Using these high-frequency sounds that can be manipulated and focused on a specific area of the eye; the study demonstrated that when the ultrasound waves are projected as a pattern —for example, the letter ‘C’ — the rat’s brain was able to pick up a similar pattern.
Unlike in humans, researchers are unable to get direct answers about the rat’s visual experiences during the ultrasound stimulation.
To answer these questions of what exactly the rat was able to visualize from the ultrasound waves, the team measured visual activity directly from the rat’s visual brain area known as the visual cortex by attaching a multi-electrode array.
Based on the visual activities recorded from the brain, researchers found the rat was able to perceive visualizations comparable to the ultrasound stimulation pattern projected to the eye.

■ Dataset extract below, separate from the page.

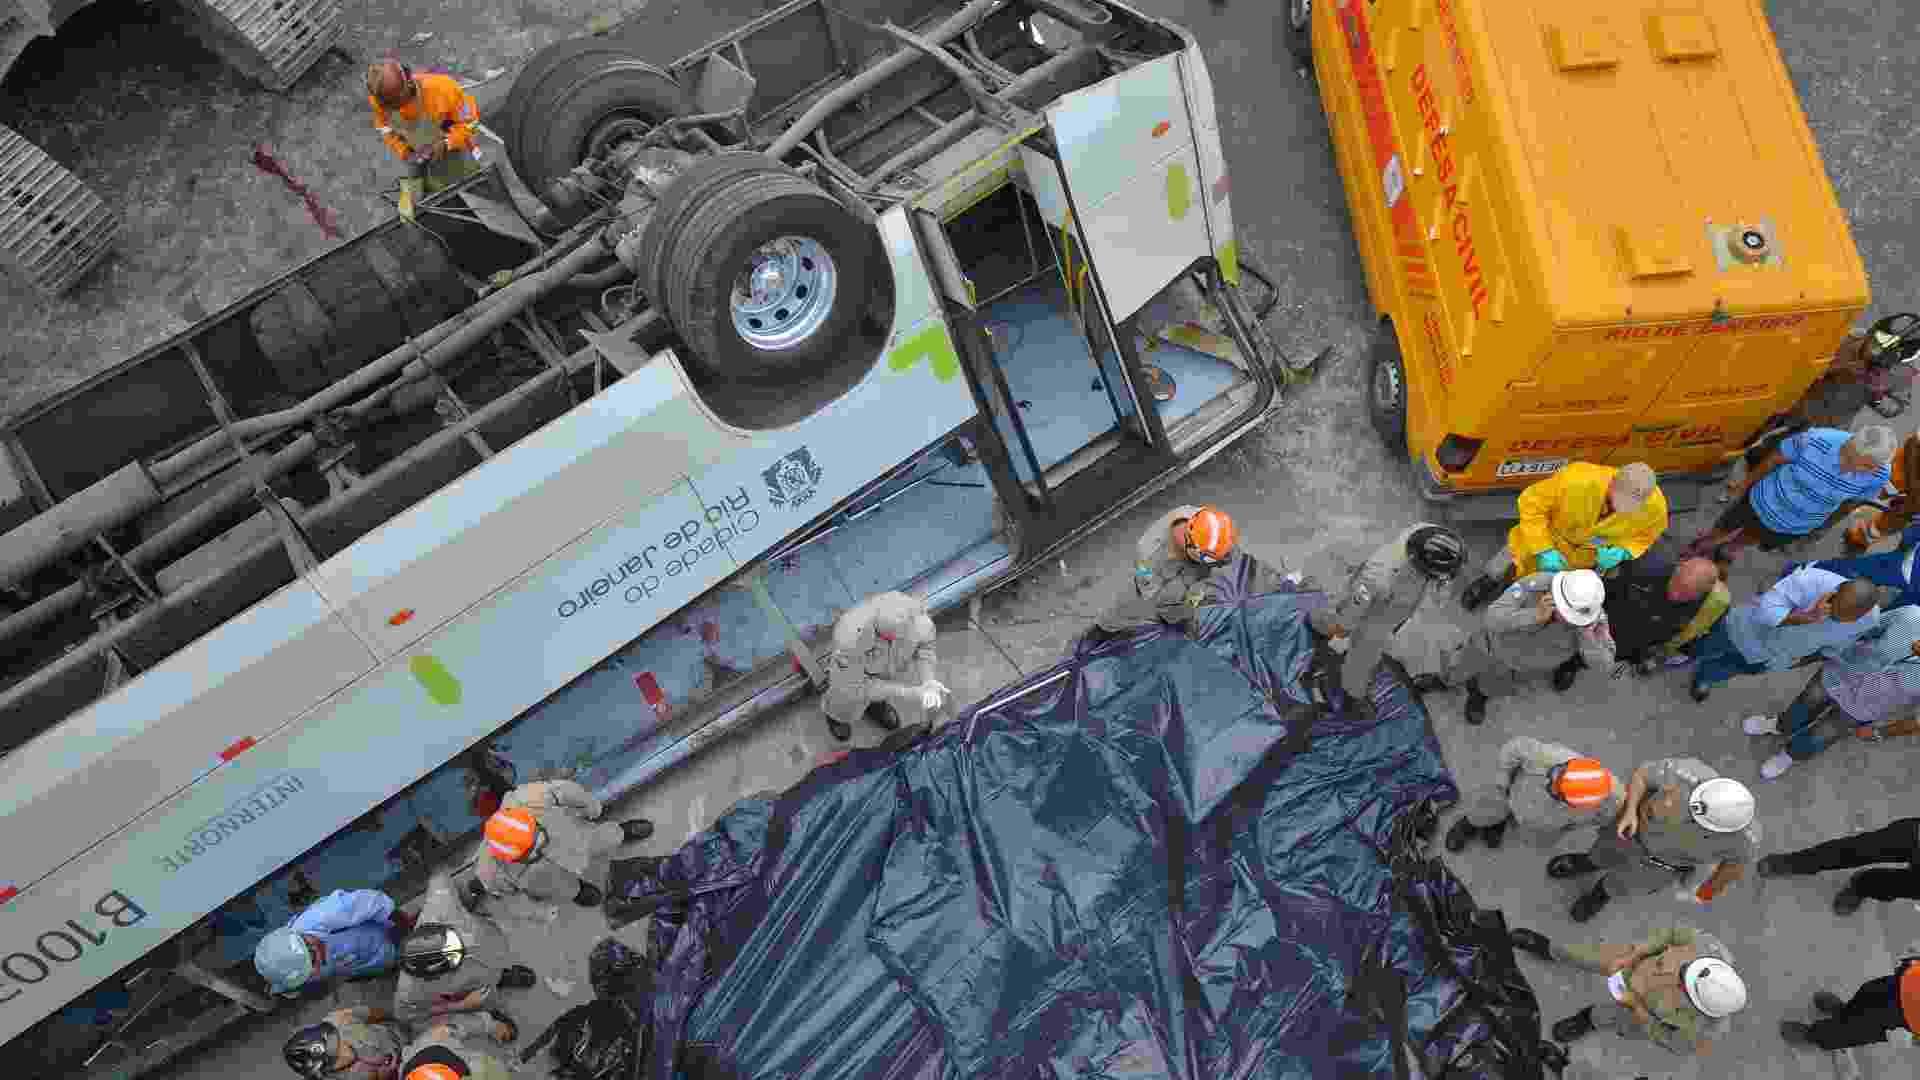 2.abr.2013 - Um micro-ônibus caiu do viaduto Brigadeiro Trompowski na pista lateral da avenida Brasil, no Rio de Janeiro, na tarde desta terça-feira, matando sete pessoas. O Corpo de Bombeiros está no local resgatando as vítimas. Multidão já cerca a avenida. O trânsito está congestionado no local - Bruno de Lima/Frame

This work was just published in BME Frontiers.
The research is currently funded by a four-year, $2.3 million grant from the National Eye Institute (NEI). The team recently applied for another NEI translational grant to take their studies to the next level.

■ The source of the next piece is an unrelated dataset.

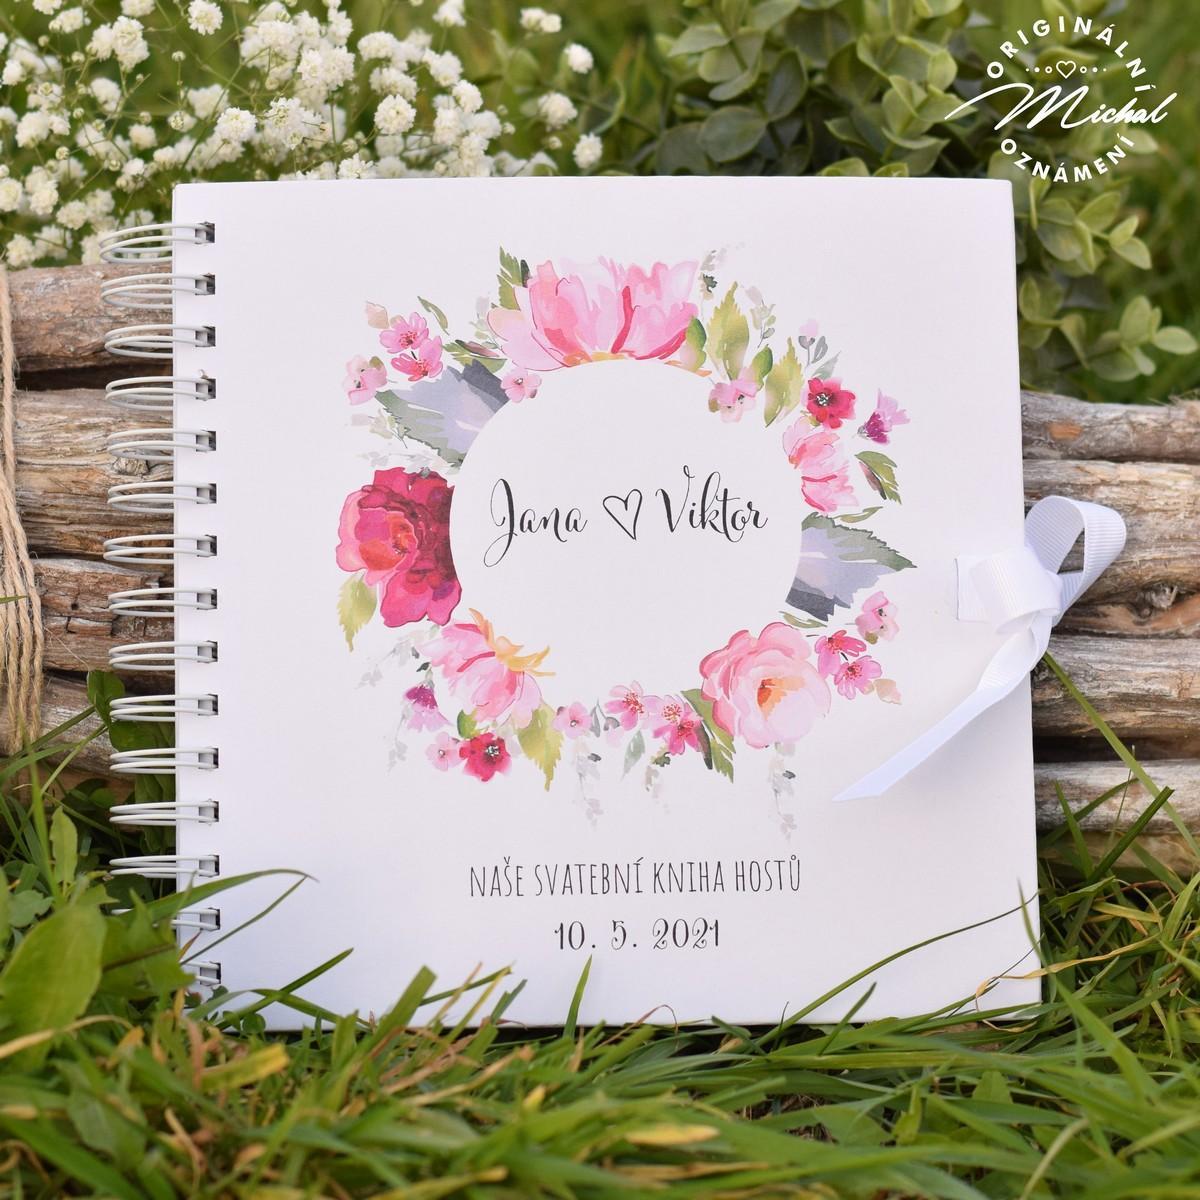 Svatební kniha hostů - pevné knižní desky - 9 - Obrázek č. 1

Current studies are conducted mostly using rodent models. However, the team plans to test this approach using non-human primate models prior to conducting human clinical trials.
“Right now, we are using a transducer placed in front of the rat’s eyeball to send the ultrasound signals to the retina, but our final goal is to create a wireless lens transducer” said Dr. Zhou.

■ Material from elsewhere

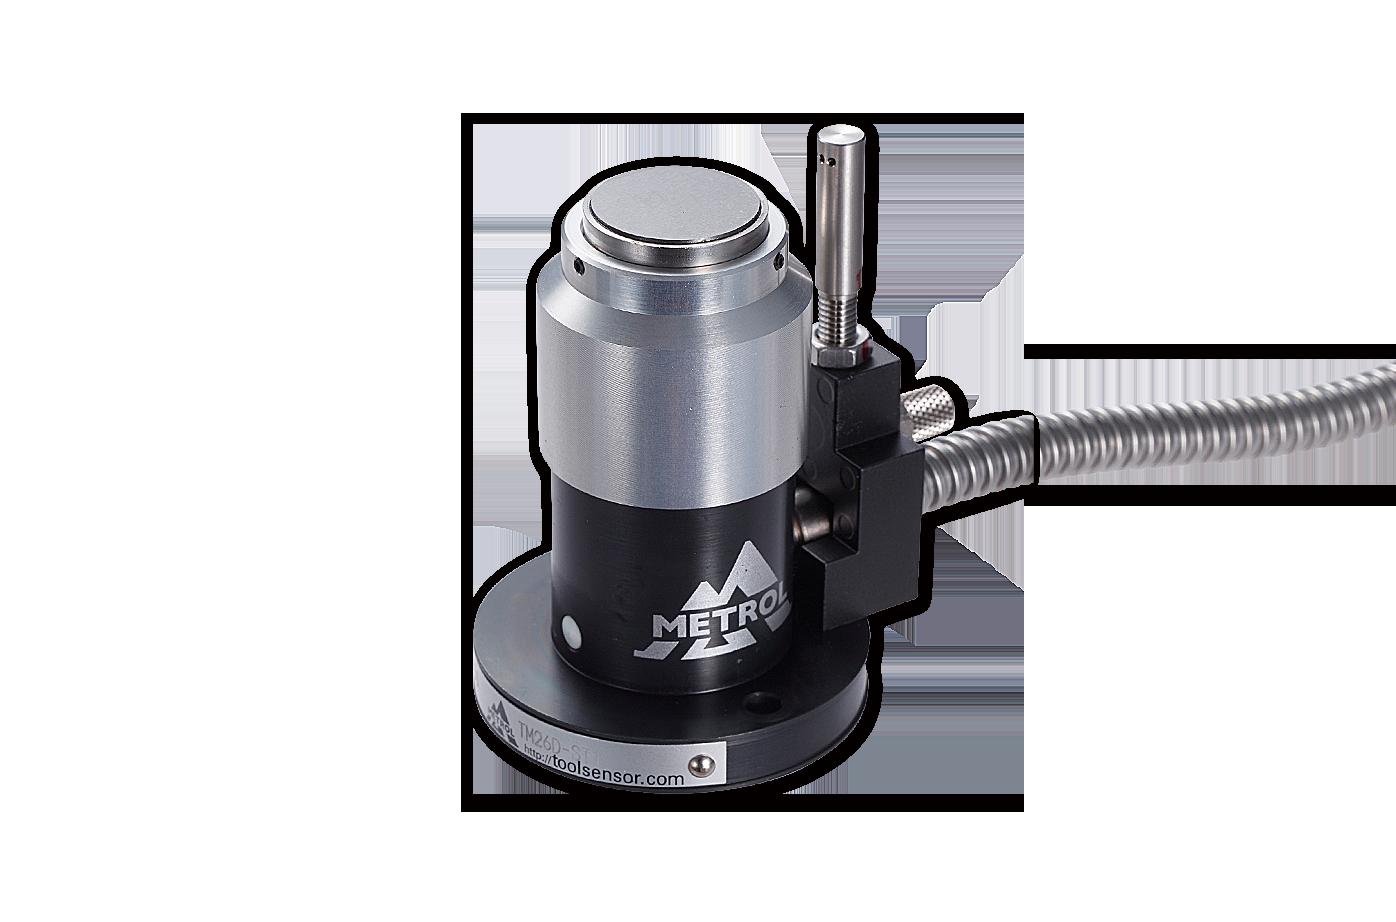 CNCマシニングセンタ用小型ツールセッター[TM26Dシリーズ]

While the team is currently analyzing the capabilities of ultrasound technology for vision study, their future goal is to generate sharper images and install the ultrasound transducer on a wearable contact lens for next generation.
There is also a pending patent for this novel ultrasound technology that hopes to change the way visual impairment is treated years down the road.
About this visual neuroscience and neurotech research news
Author: Amy Blumenthal
Contact: Amy Blumenthal – USC
Image: The image is in the public domain
Original Research: Open access.
“Noninvasive Ultrasound Retinal Stimulation for Vision Restoration at High Spatiotemporal Resolution” by Qifa Zhou et al. BME Frontiers
Noninvasive Ultrasound Retinal Stimulation for Vision Restoration at High Spatiotemporal Resolution
Objective. Retinal degeneration involving progressive deterioration and loss of function of photoreceptors is a major cause of permanent vision loss worldwide. Strategies to treat these incurable conditions incorporate retinal prostheses via electrically stimulating surviving retinal neurons with implanted devices in the eye, optogenetic therapy, and sonogenetic therapy. Existing challenges of these strategies include invasive manner, complex implantation surgeries, and risky gene therapy.
Methods and Results. Here, we show that direct ultrasound stimulation on the retina can evoke neuron activities from the visual centers including the superior colliculus and the primary visual cortex (V1), in either normal-sighted or retinal degenerated blind rats in vivo. The neuron activities induced by the customized spherically focused 3.1 MHz ultrasound transducer have shown both good spatial resolution of 250 μm and temporal resolution of 5 Hz in the rat visual centers. An additional customized 4.4 MHz helical transducer was further implemented to generate a static stimulation pattern of letter forms.
Conclusion. Our findings demonstrate that ultrasound stimulation of the retina in vivo is a safe and effective approach with high spatiotemporal resolution, indicating a promising future of ultrasound stimulation as a novel and noninvasive visual prosthesis for translational applications in blind patients.